You should be careful to not start any threads before this plugin runs. The plugin will warn if you do so, because "...the effects of calling functions that require certain resources between the call to fork() and the call to an exec function are undefined". (ref). It is for this reason that the Server plugin runs at priority 75 (it starts worker threads), which is later than the default priority of 65 for the Daemonizer.
DropPrivileges
Use this plugin to start your CherryPy site as root (to, for example, listen on port 80) and then reduce privileges to something more restricted.
- uid: the user id to switch to. Availability: Unix.
- gid: the group id to switch to. Availability: Unix.
- umask: the default permission mode for newly created files and directories. Usually expressed in octal format, for example, 0644. Availability: Unix, Windows.
Monitor
A generic plugin to periodically run a callback in its own thread. Some of the other builtin plugins subclass this already.
- callback: the function to call at intervals.
- frequency: the time in seconds between callback runs.
PIDFile
The PIDFile plugin is pretty straightforward: it writes the process id to a file on start, and deletes the file on exit. You must provide a 'pidfile' argument, preferably an absolute path.
HTTP Servers
Starting in CherryPy 3.1, cherrypy.server is implemented as a Plugin. It's actually an instance of _cpserver.Server, which is a subclass of process.servers.ServerAdapter. The ServerAdapter class is designed to control other servers, as well.
If you need to start more than one HTTP server (to serve on multiple ports, or protocols, etc.), you can manually register each one and then start them all with engine.start:
s1 = ServerAdapter(cherrypy.engine, MyWSGIServer(host='0.0.0.0', port=80)) s2 = ServerAdapter(cherrypy.engine, another.HTTPServer(host='127.0.0.1', SSL=True)) s1.subscribe() s2.subscribe() cherrypy.engine.start()
There are also FlupFCGIServer and FlupSCGIServer classes in process.servers. To start an fcgi server, for example, wrap an instance of it in a ServerAdapter:
addr = ('0.0.0.0', 4000) f = servers.FlupFCGIServer(application=cherrypy.tree, bindAddress=addr) s = servers.ServerAdapter(cherrypy.engine, httpserver=f, bind_addr=addr) s.subscribe()
SignalHandler
This plugin is instantiated automatically as cherrypy.engine.signal_handler. However, it is only subscribed automatically by cherrypy.quickstart(). So if you want signal handling and you're calling tree.mount(); engine.start(); engine.block() on your own, be sure to add:
if hasattr(cherrypy.engine, 'signal_handler'): cherrypy.engine.signal_handler.subscribe()
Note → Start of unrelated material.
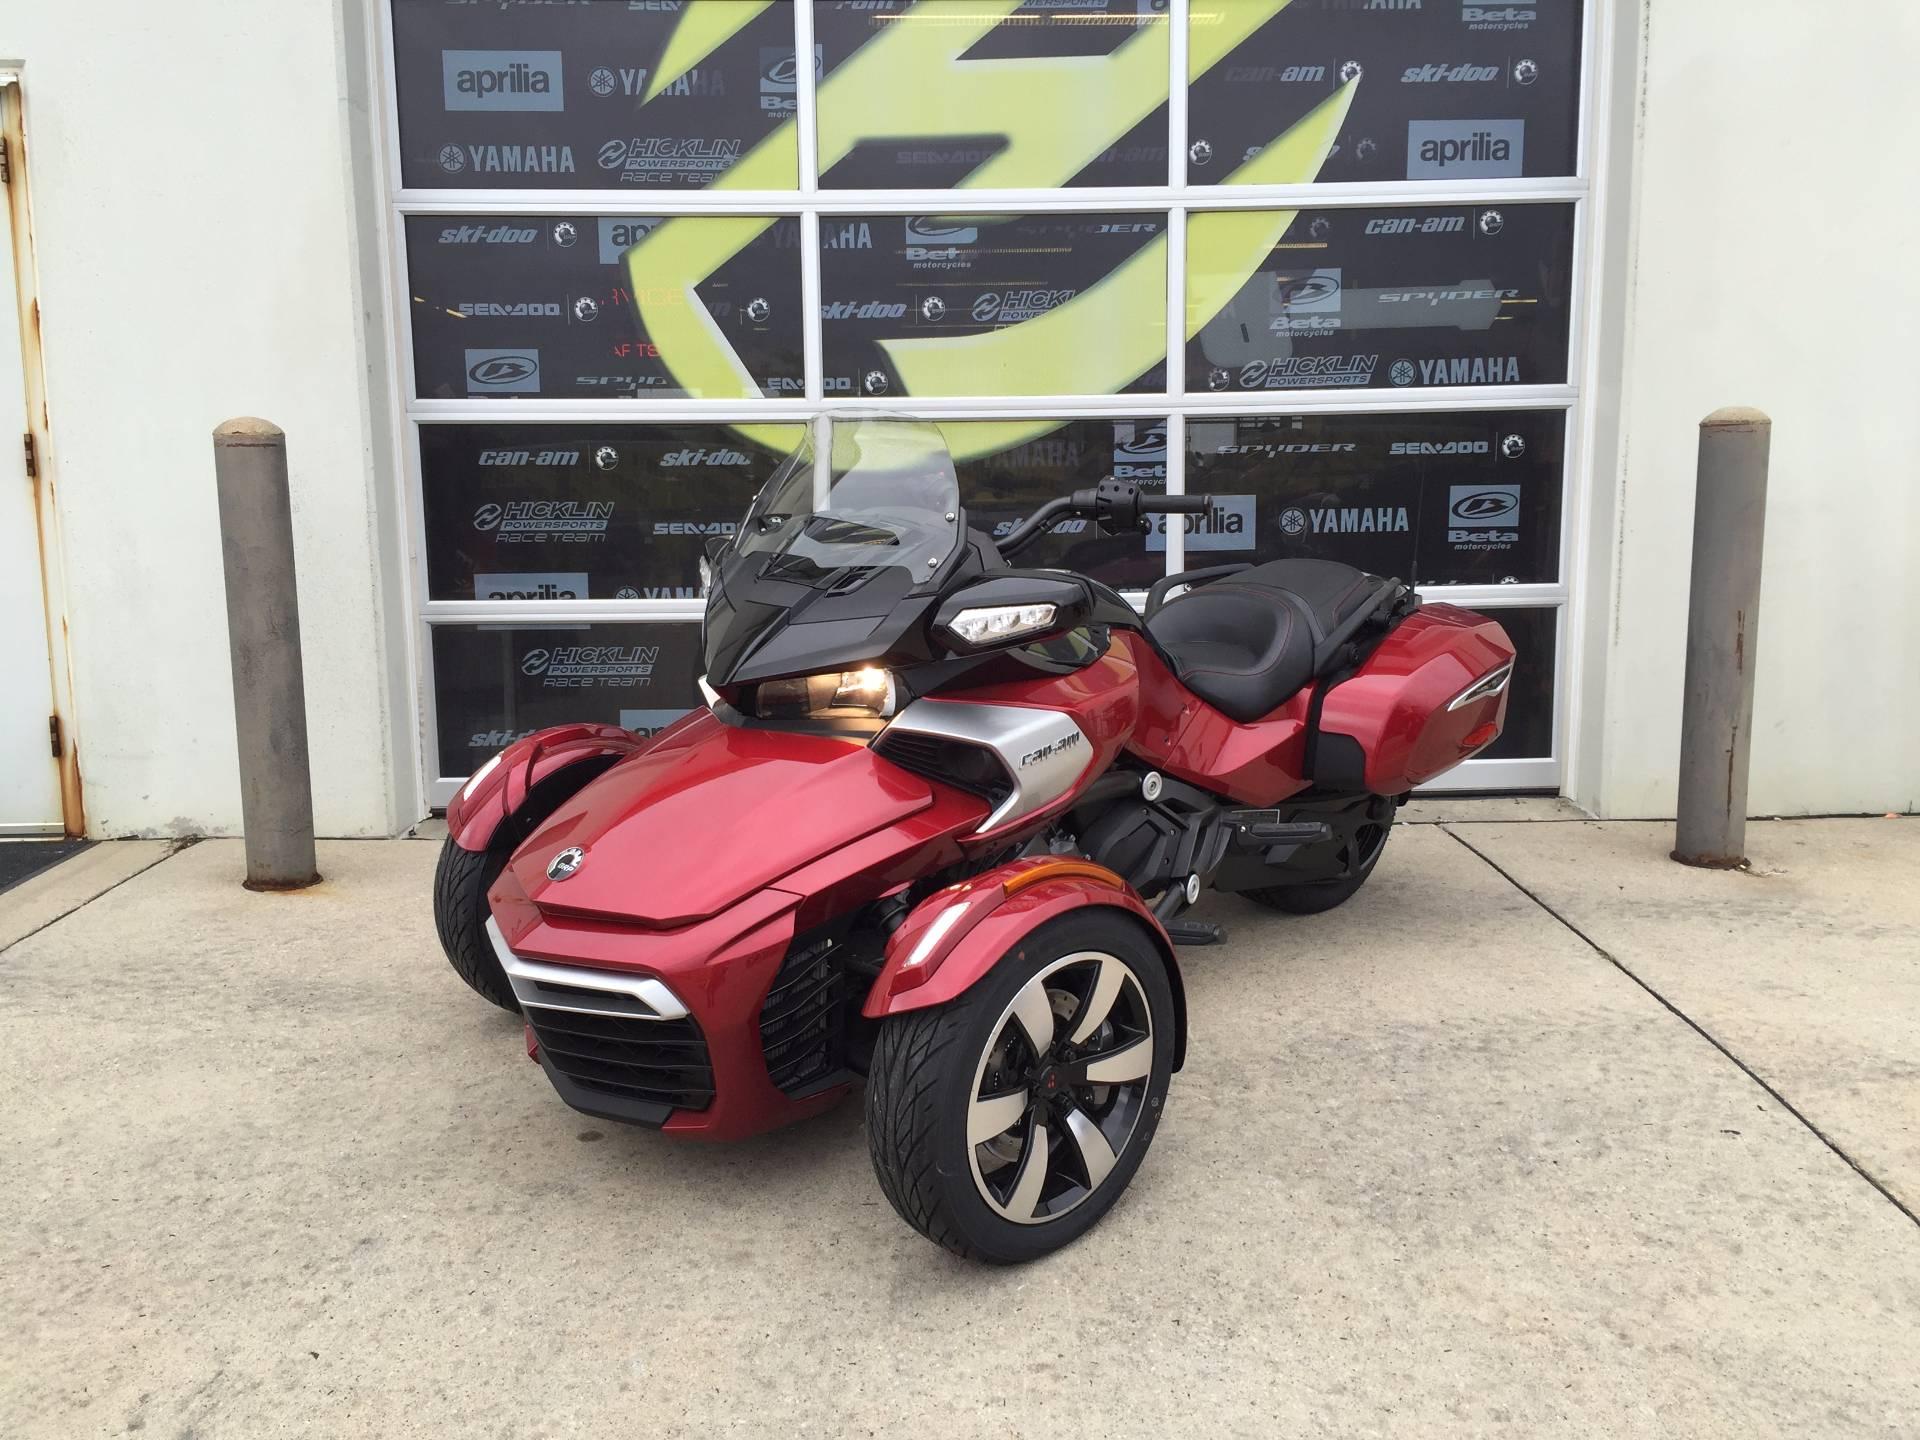 2016 Can-Am Spyder F3-T SE6 w/ Audio System in Grimes, Iowa

You can modify what signals your application listens for, and what it does when it receives signals, by modifying SignalHandler.handlers, a dict of {signal name: callback} pairs. The default set is:
handlers = {'SIGTERM': self.bus.exit, 'SIGHUP': self.handle_SIGHUP, 'SIGUSR1': self.bus.graceful, }
The handle_SIGHUP method calls bus.restart() if the process is daemonized, but bus.exit() if the process is attached to a TTY. This is because Unix window managers tend to send SIGHUP to terminal windows when the user closes them.
Feel free to add signals which are not available on every platform. The SignalHandler will ignore errors raised from attempting to register handlers for unknown signals.
ThreadManager
A manager for HTTP request threads. Creating an instance of this plugin causes two new channels to be registered with the bus: acquire_thread and release_thread.
If you have control over thread creation and destruction, publish to the 'acquire_thread' and 'release_thread' channels (for each thread). This will register/unregister the current thread, and further cause a publish to 'start_thread' and 'stop_thread' listeners in the bus as needed. If you're using normal cherrypy.Applications (you probably are), then they will do all this for you.
If threads are created and destroyed by code you do not control (e.g., Apache), then, at the beginning of every HTTP request, publish to 'acquire_thread' only. You should not publish to 'release_thread' in this case, since you do not know whether the thread will be re-used or not. The bus will call 'stop_thread' listeners for you when it stops.